17  Plotting Two Datasets at Once

Author

Josh Gilbert and Luke Miratrix

It’s easy (though not always advisable) to plot two data sets at once with ggplot. First, we load tidyverse and our HSB data. We then create a school-level aggregate data set of just the mean SES values.

library(tidyverse)
library(haven)

# clear memory
rm(list = ls())

theme_set(theme_classic())

# load HSB data
hsb <- read_dta("data/hsb.dta") |> 
  select(mathach, ses, schoolid)

sch <- hsb |> 
  group_by(schoolid) |> 
  summarise(mean_ses = mean(ses),
            mean_mathach = mean(mathach))
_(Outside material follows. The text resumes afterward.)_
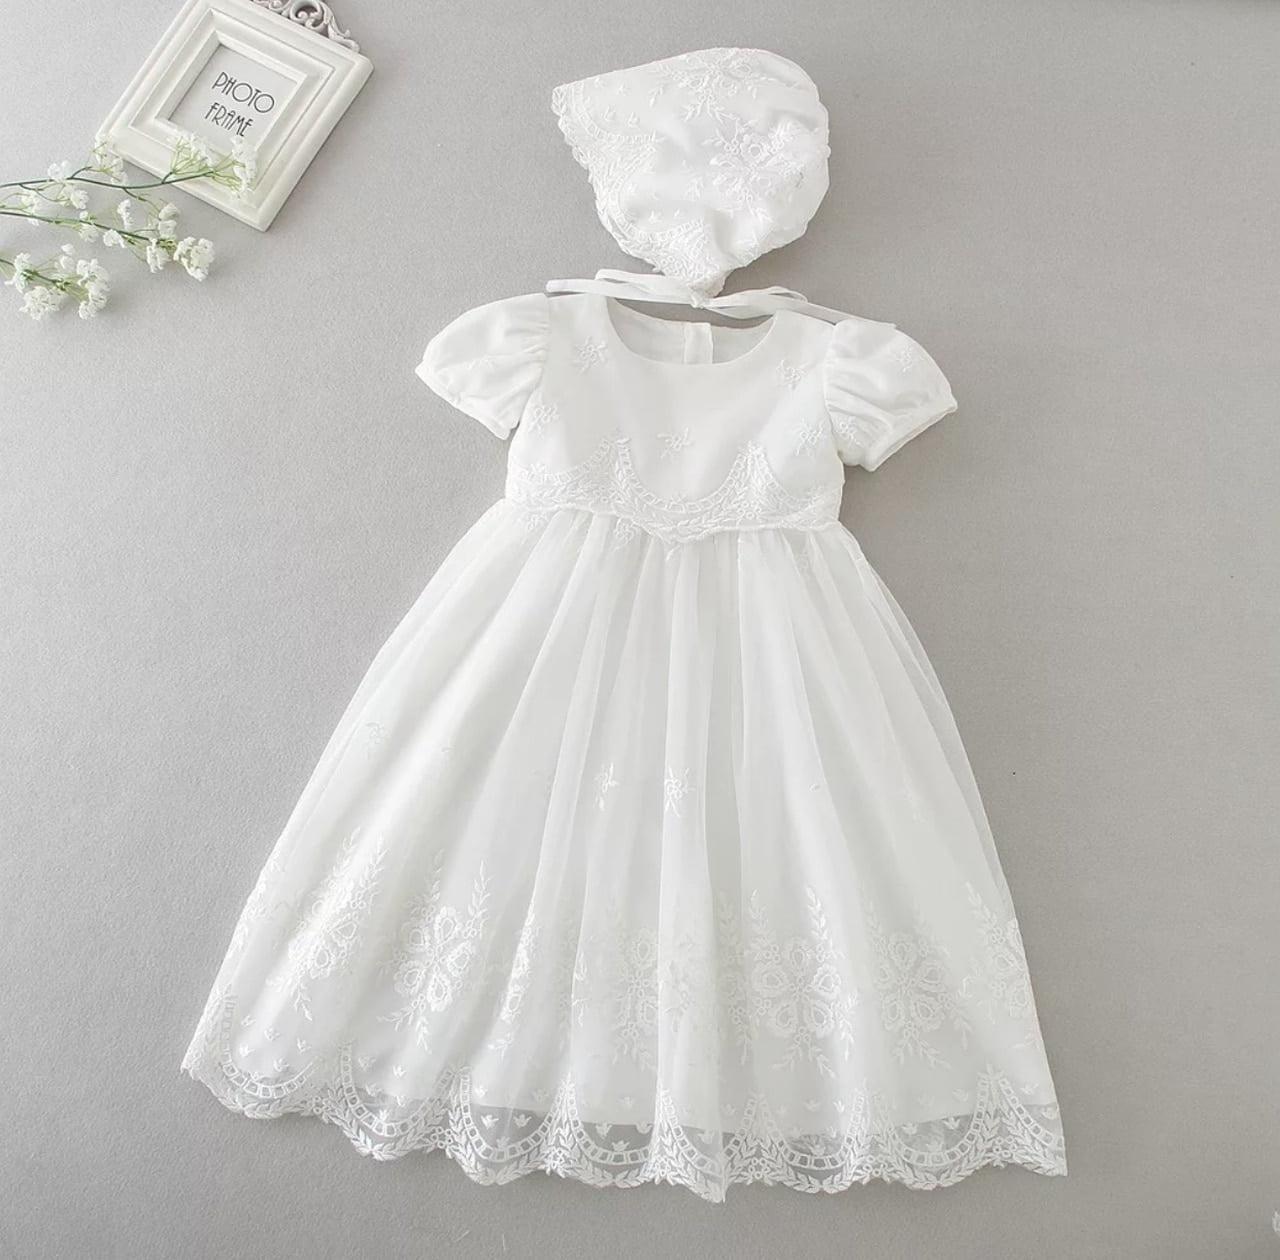 Bonnet 6M 12M 18M 24M White Infant Baby Girl Baptism Christening Gown Dress

Let’s say we wanted to plot both the individual students and the school means. This is easy enough to do separately:

ggplot(hsb, aes(x = ses, y = mathach)) +
  geom_point(alpha = 0.1)

ggplot(sch, aes(x = mean_ses, y = mean_mathach)) +
  geom_point()

We can superimpose both plots as follows. Essentially, the first argument in ggplot provides the data, and by default, this is passed to all subsequent layers of the plot. We can override this behavior by specifying a different data set (and aesthetic mappings, if desired) within an individual layer of ggplot, such as geom_point.

ggplot(hsb, aes(x = ses, y = mathach)) +
  geom_point(alpha = 0.1) +
  geom_point(data = sch, aes(x = mean_ses, y = mean_mathach), color = "red")